Vatican II also taught that every Christian has a vocation to serve. We need power for this too. And so the Spirit distributes other gifts, called “charisms.”  St. Thomas teaches that these charisms are not so much for our own sanctification as for service to others.
 
There is no exhaustive list of charisms, though St. Paul mentions a few (I Cor 12:7-10, Ro 12:6-8) ranging from speaking in tongues to Christian marriage (1 Cor 7: 7). Charisms are not doled out by the pastors; but are given directly by the Spirit through baptism and confirmation, even sometimes outside of the sacraments (Acts 10:44-48).
 
Correcting the mistaken notion that the charisms were just for the apostolic church, Vatican II had this to say: “Allotting His gifts “to everyone according as he will” (1 Cor. 12:11), He [the Holy Spirit] distributes special graces among the faithful of every rank. . . . These charismatic gifts, whether they be the most outstanding or the more simple and widely diffused, are to be received with thanksgiving and consolation, for they are exceedingly suitable and useful for the needs of the Church” (LG12).
 
Powerful gifts, freely given to all. The Lord imparted to the apostles and their successors a unifying charism of leadership. The role of the ordained is not to do everything themselves. Rather, they are to discern, shepherd, and coordinate the charism of the laity so that they mature and work together for the greater glory of God (LG 30).
 
So what if you, like me, did not quite “get it” when you were confirmed?  I have got good news for you. You actually did get the Spirit and his gifts. But you may say: I don’t feel them. Where are they?
 
Let me answer you with an example.
 
Have you ever received a new credit card with a sticker saying “Must call to activate before using?”
 
The Spirit and his gifts are the same way.

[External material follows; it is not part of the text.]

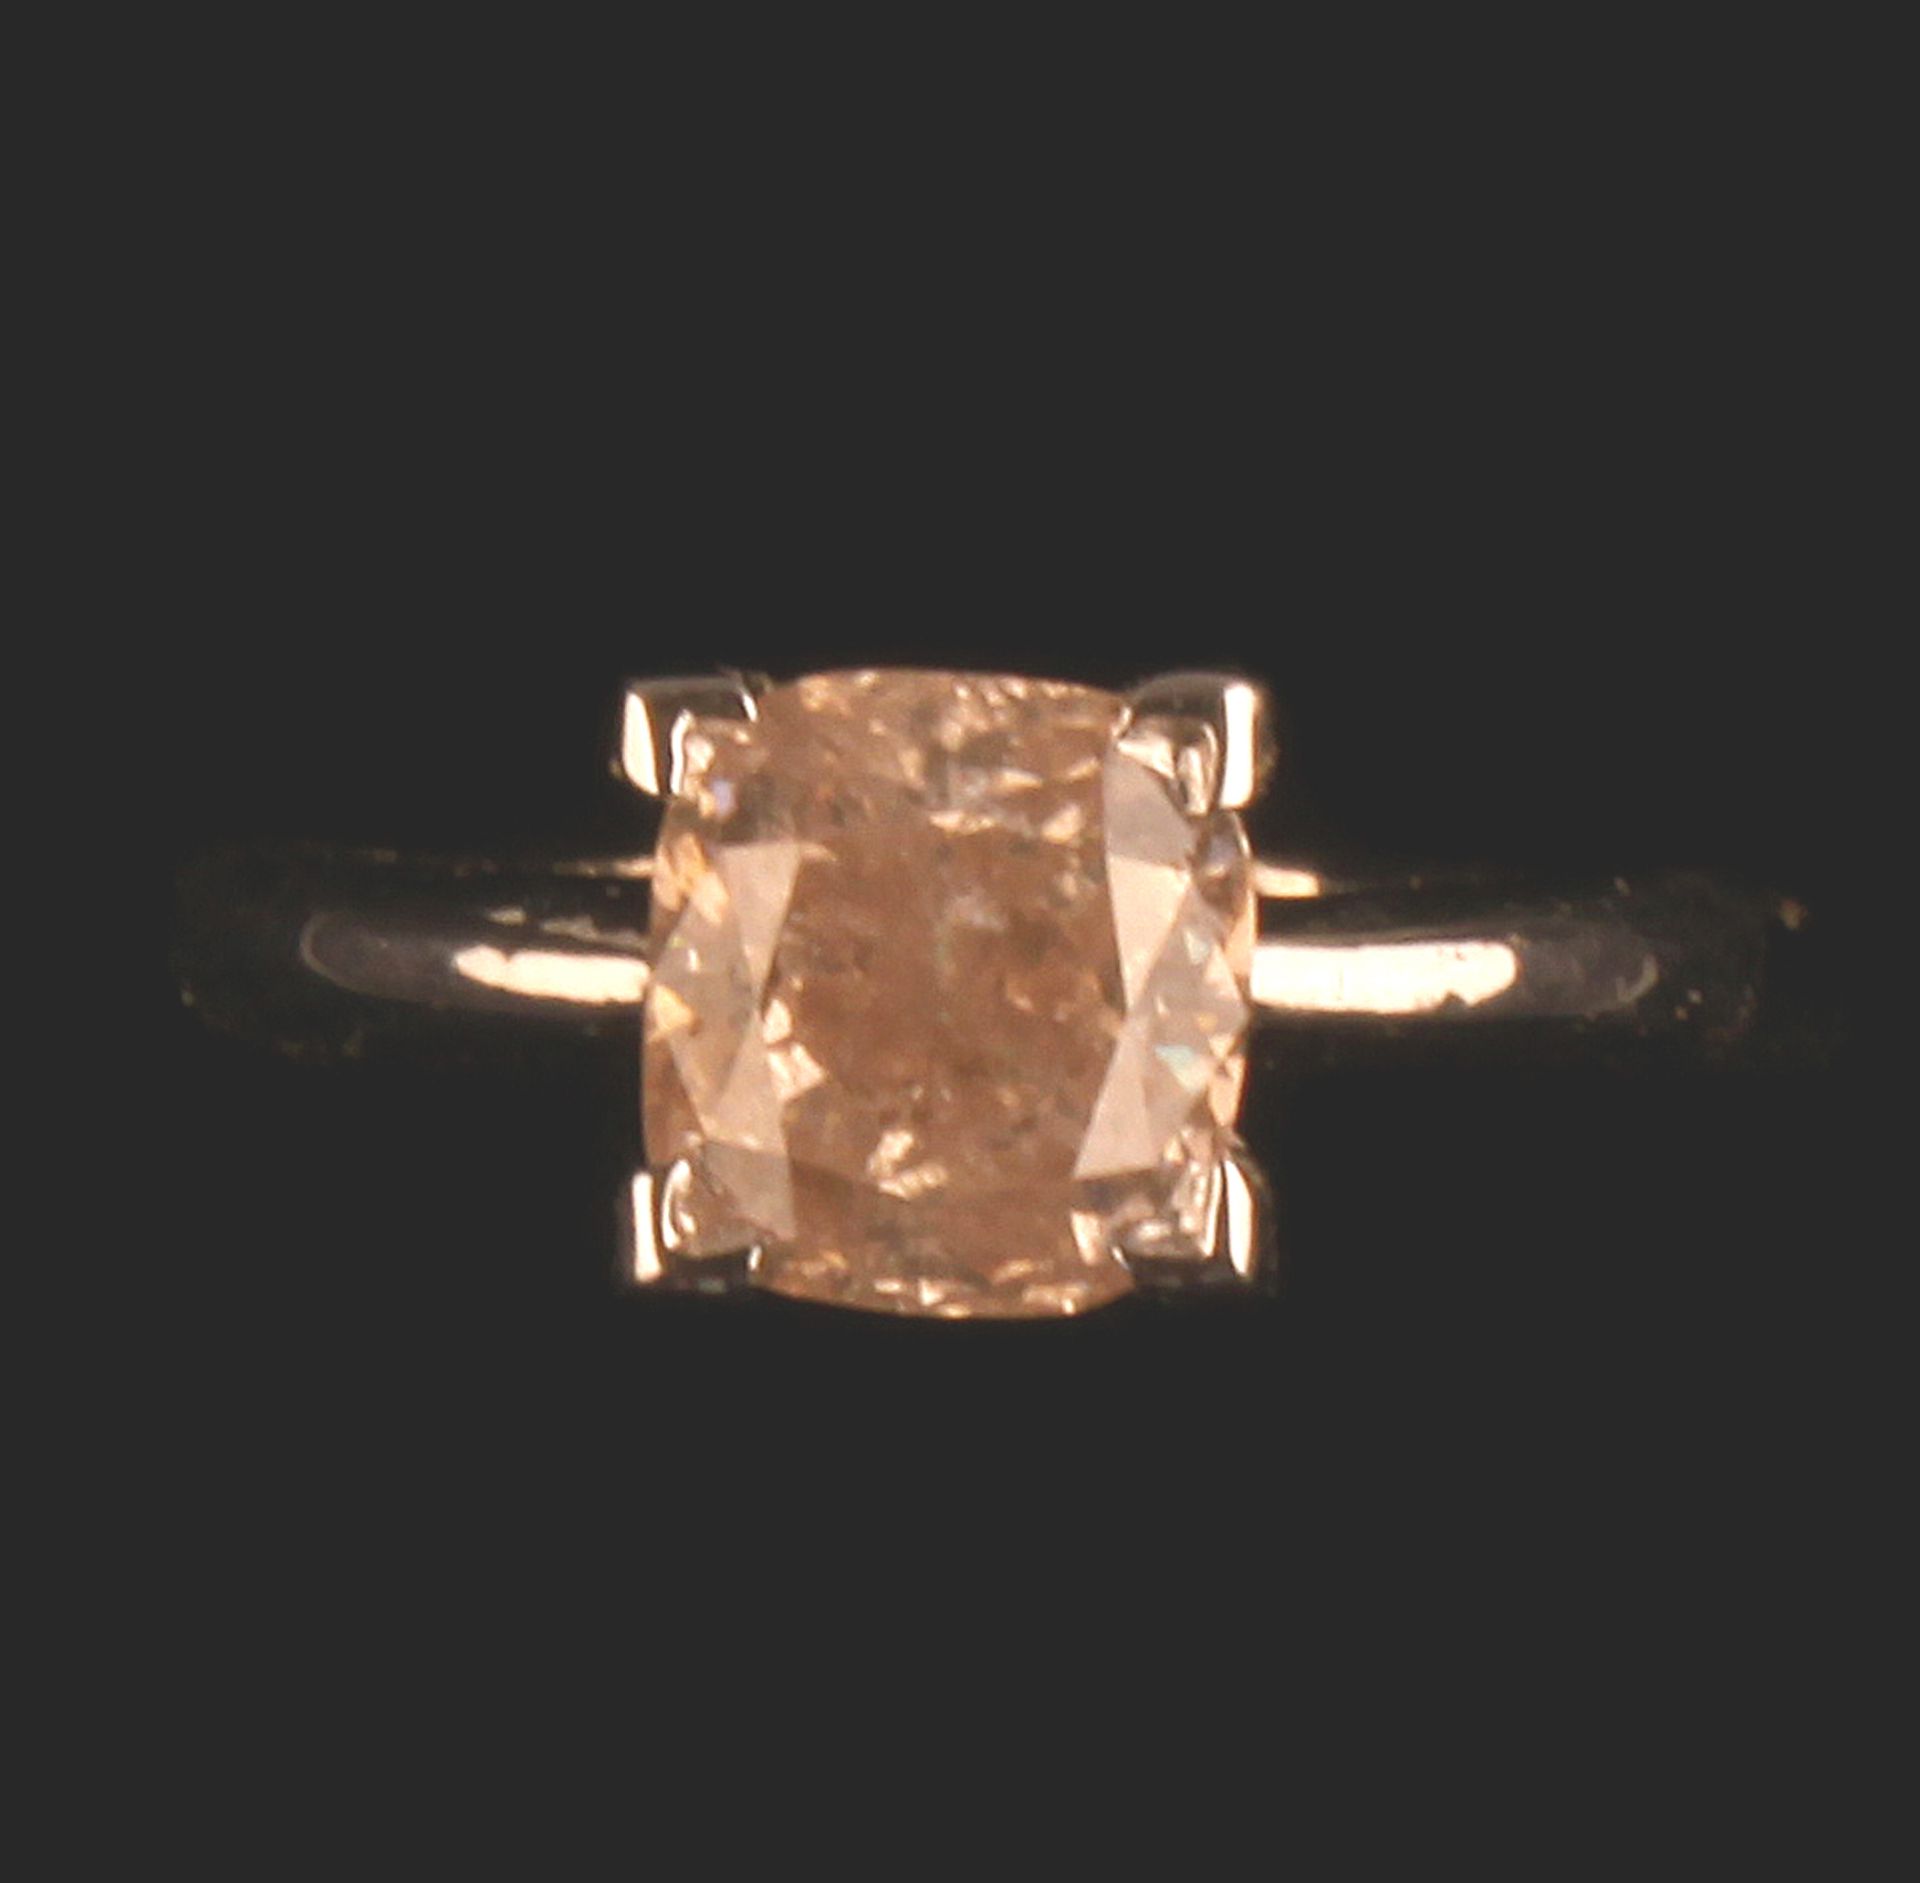 VERY RARE NATURAL 2.16ct PINK DIAMOND **GIA REPORT 2207535275** 18ct GOLD RING - Image 3 of 6

You have to call in and activate them.
Do it today and every day, and especially every time you attend Mass. Because, as the Catechism of the Catholic Church teaches, every sacramental celebration is a New Pentecost where the Spirit and his gifts are poured out anew (CCC 739, 1106).
 
That’s why the Christian Life is an adventure. There will always be new surprises of the Spirit – if only we pray more intensively to the Holy Spirit and be more open to the Spirit’s work in us. That’s why Pentecost should be a feast more exciting than Christmas or Easter.